** Given data follows **

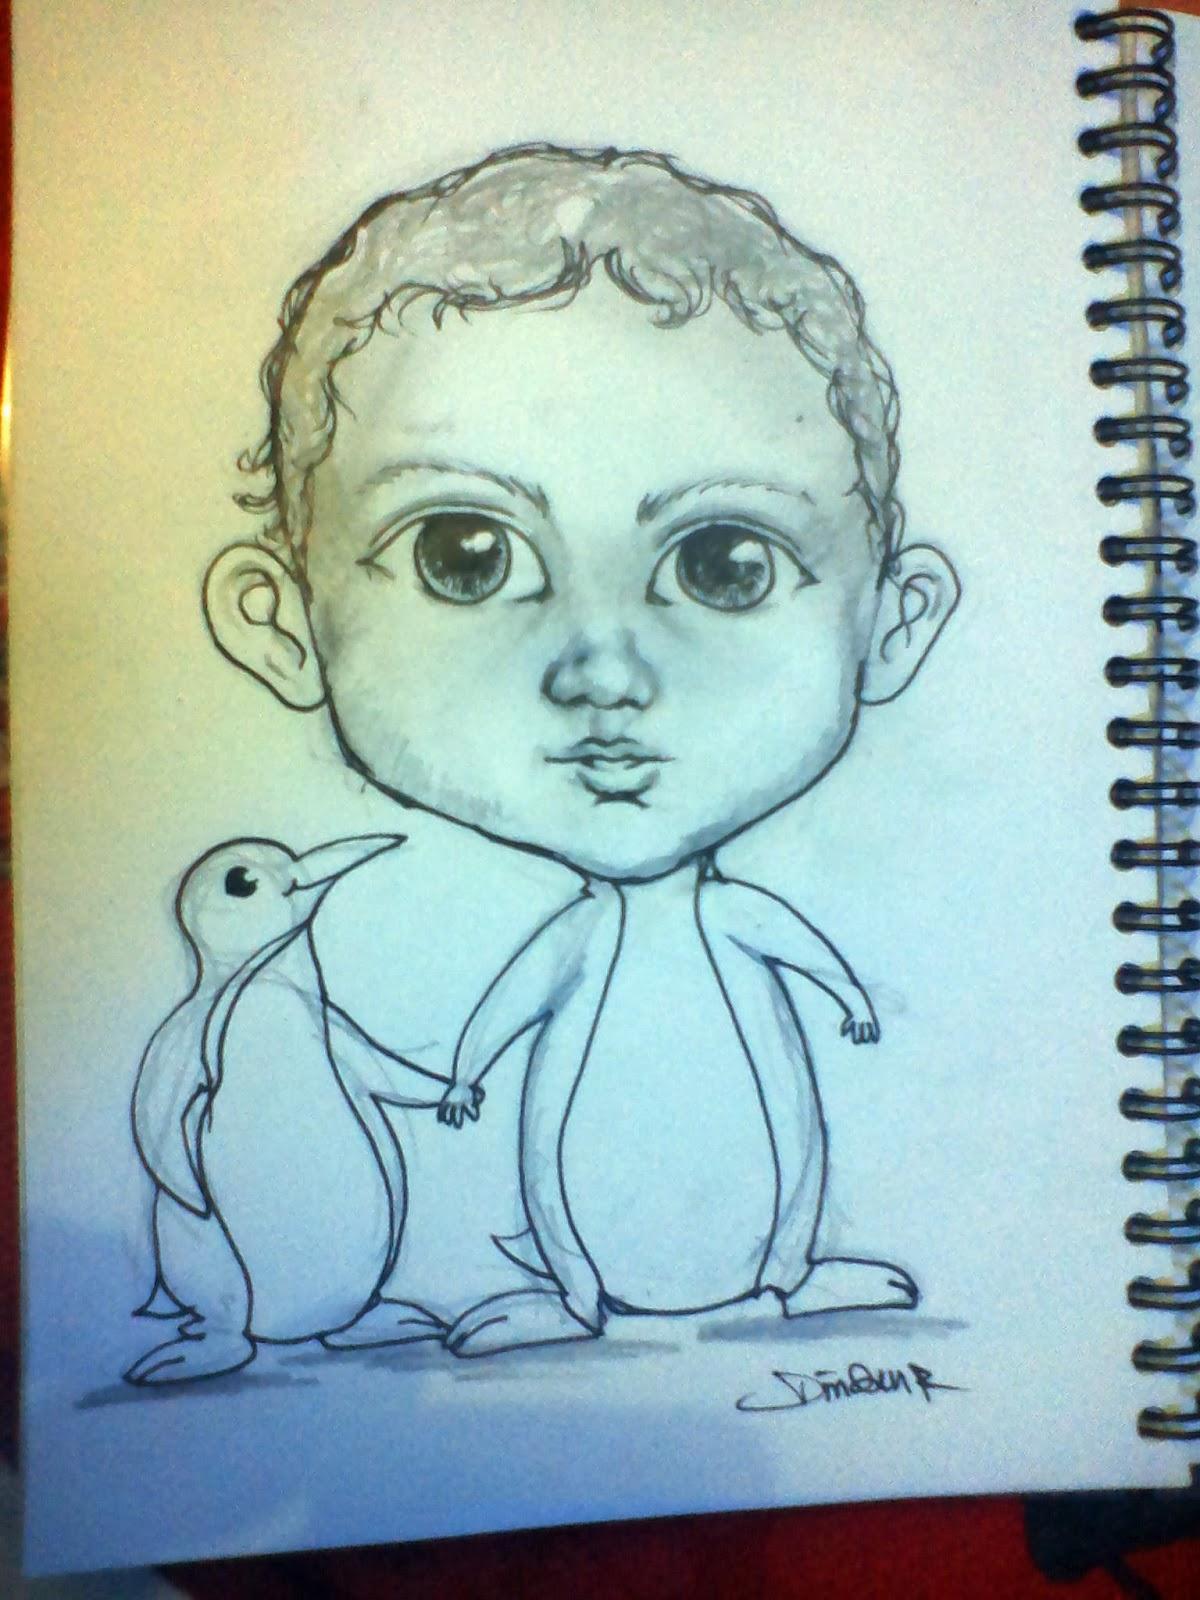 Dinsnusantara Tutorial Ilustrasi Karikatur Wajah Anak Lucu
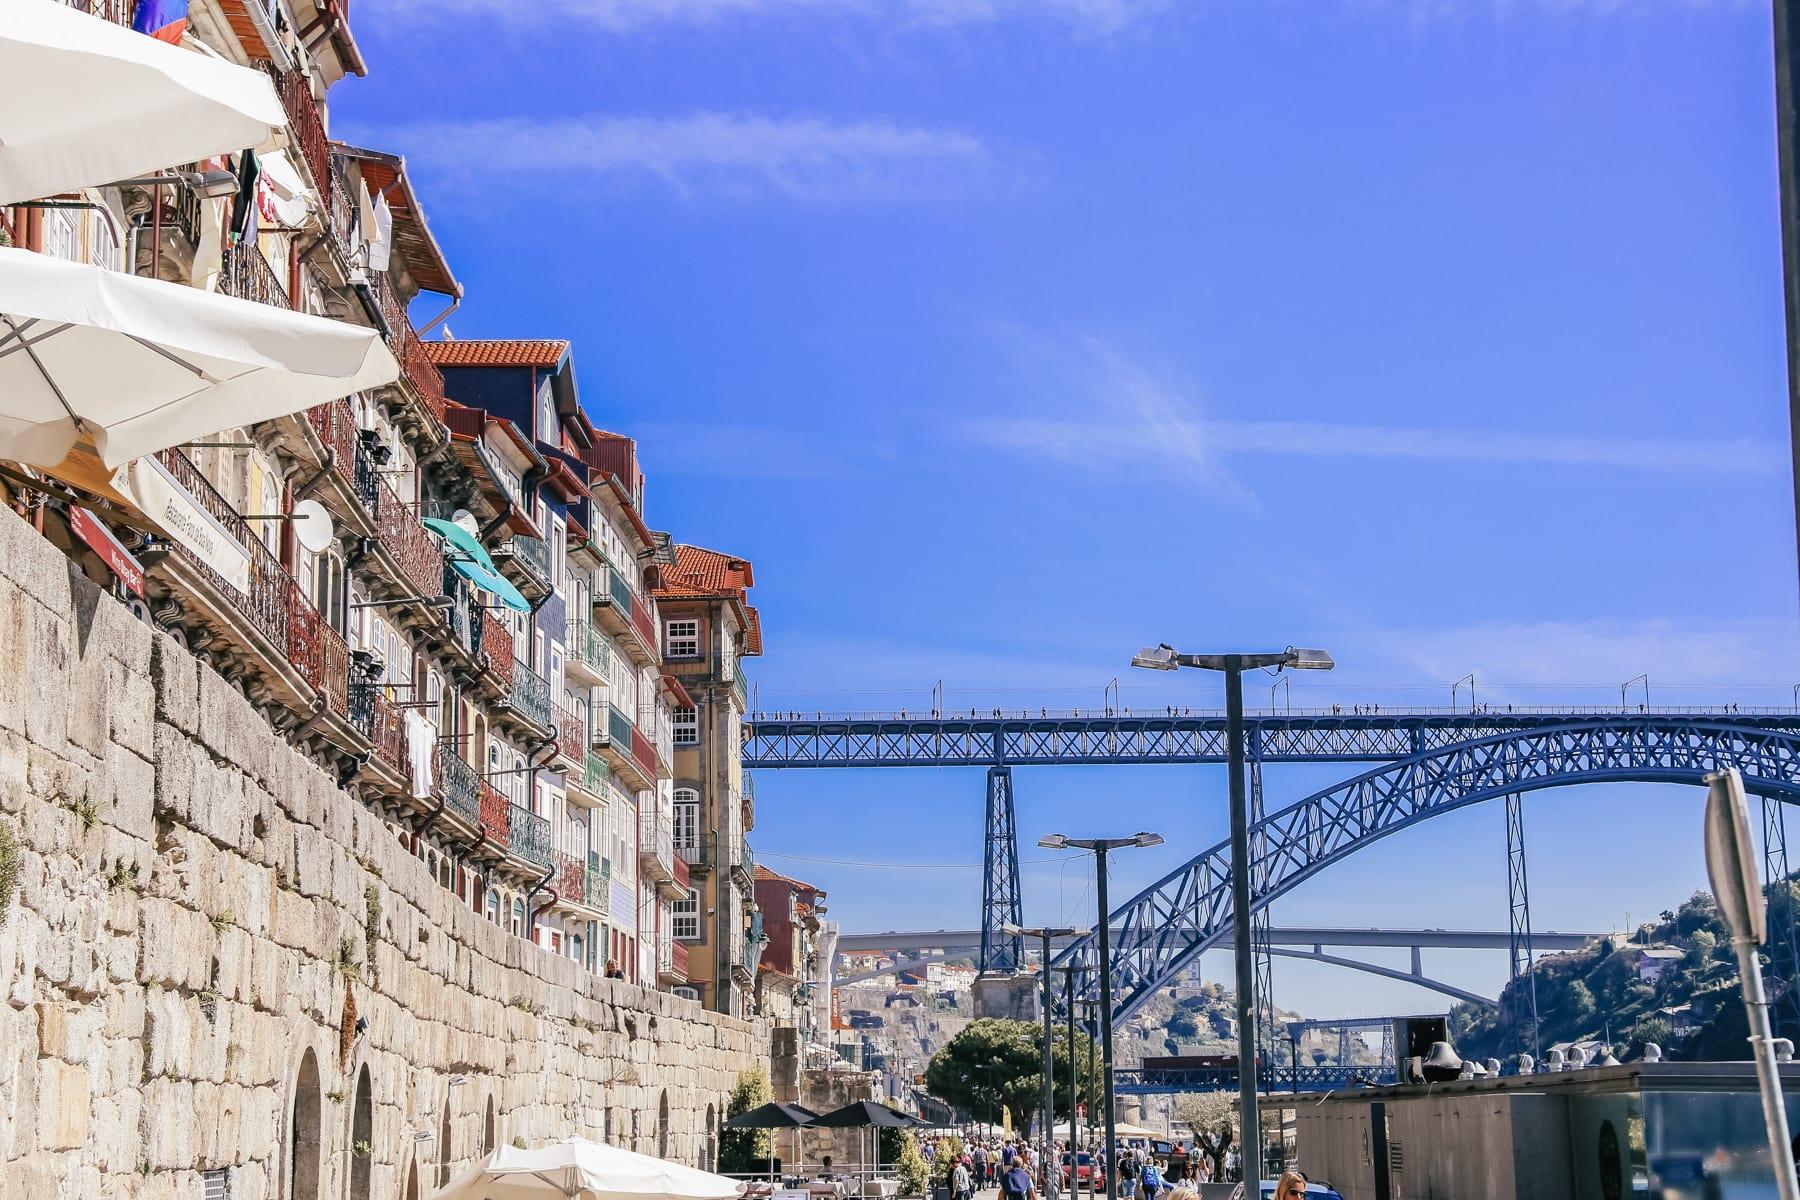 zehn-porto-tipps-fuer-deine-staedtereise-in-portugal-reiseblog-des-belles-choses 48
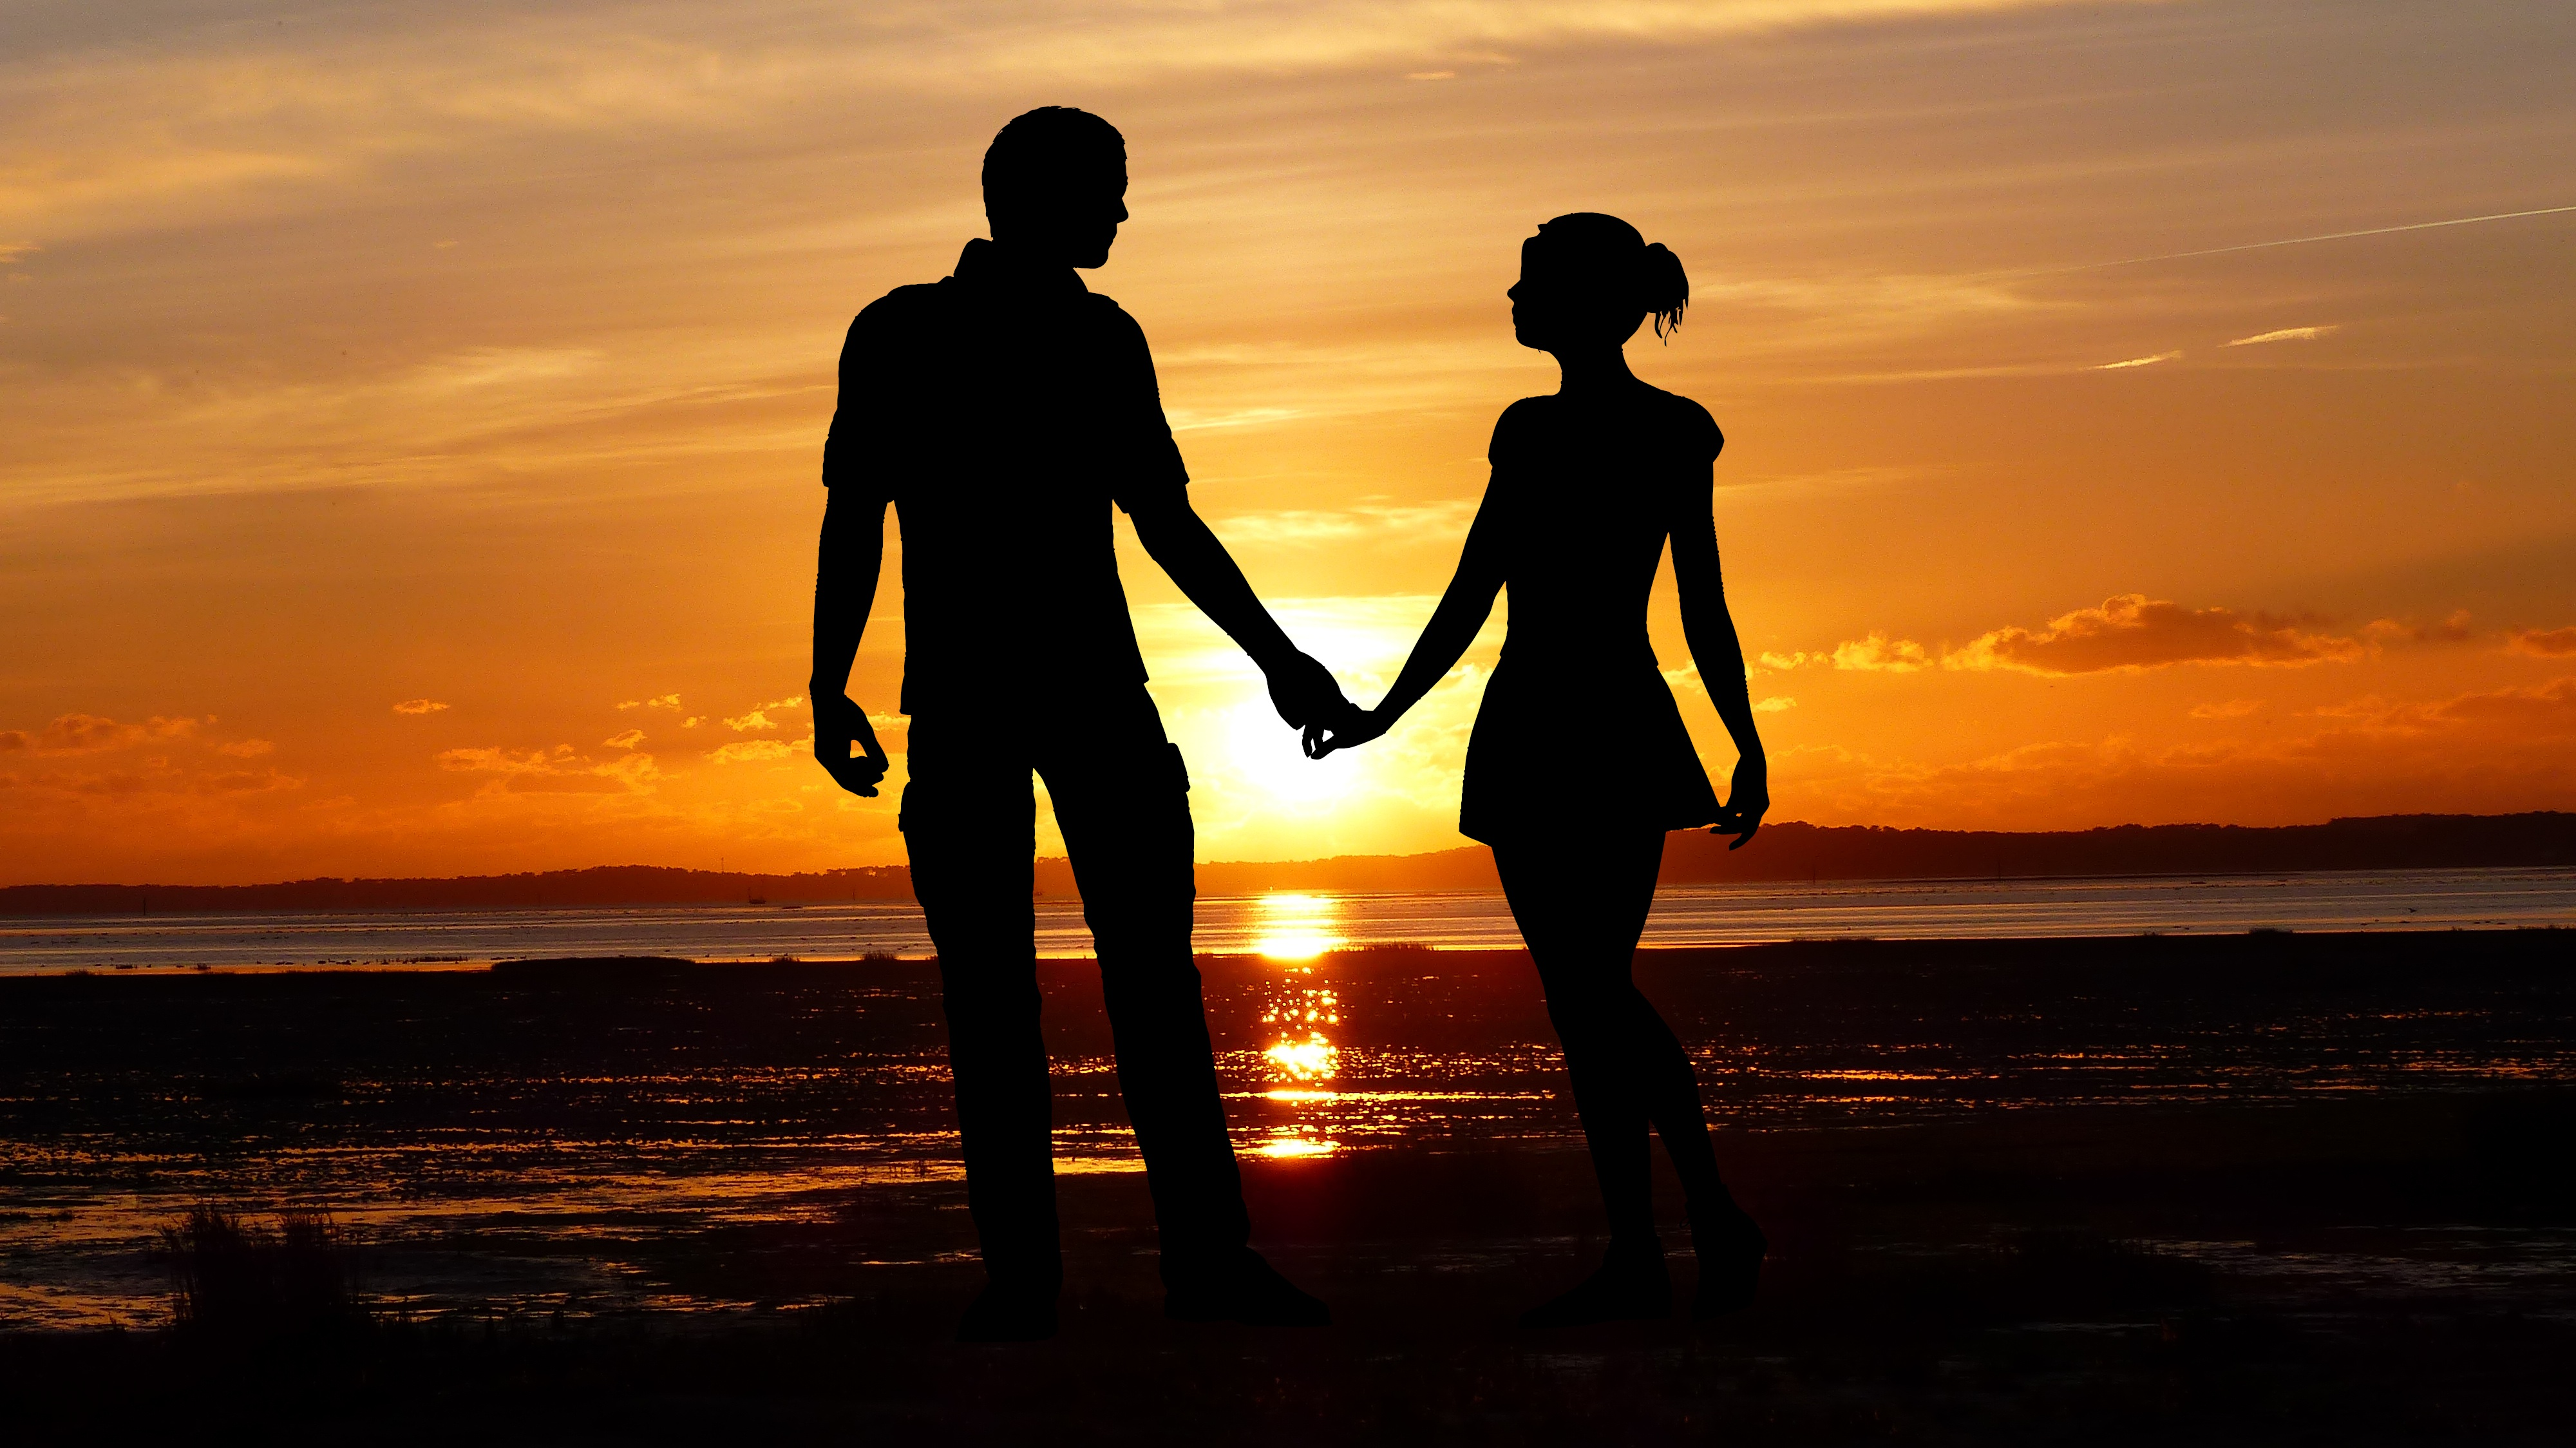 couple-beach-romantic-silhouette-sunset-seascape-together-4000x2248-1696.jpg

** End of Given data **

Each line above should be written out again exactly, and no picture should appear in the copy.

 Dinsnusantara Tutorial Ilustrasi Karikatur Wajah Anak Lucu
 zehn-porto-tipps-fuer-deine-staedtereise-in-portugal-reiseblog-des-belles-choses 48
 couple-beach-romantic-silhouette-sunset-seascape-together-4000x2248-1696.jpg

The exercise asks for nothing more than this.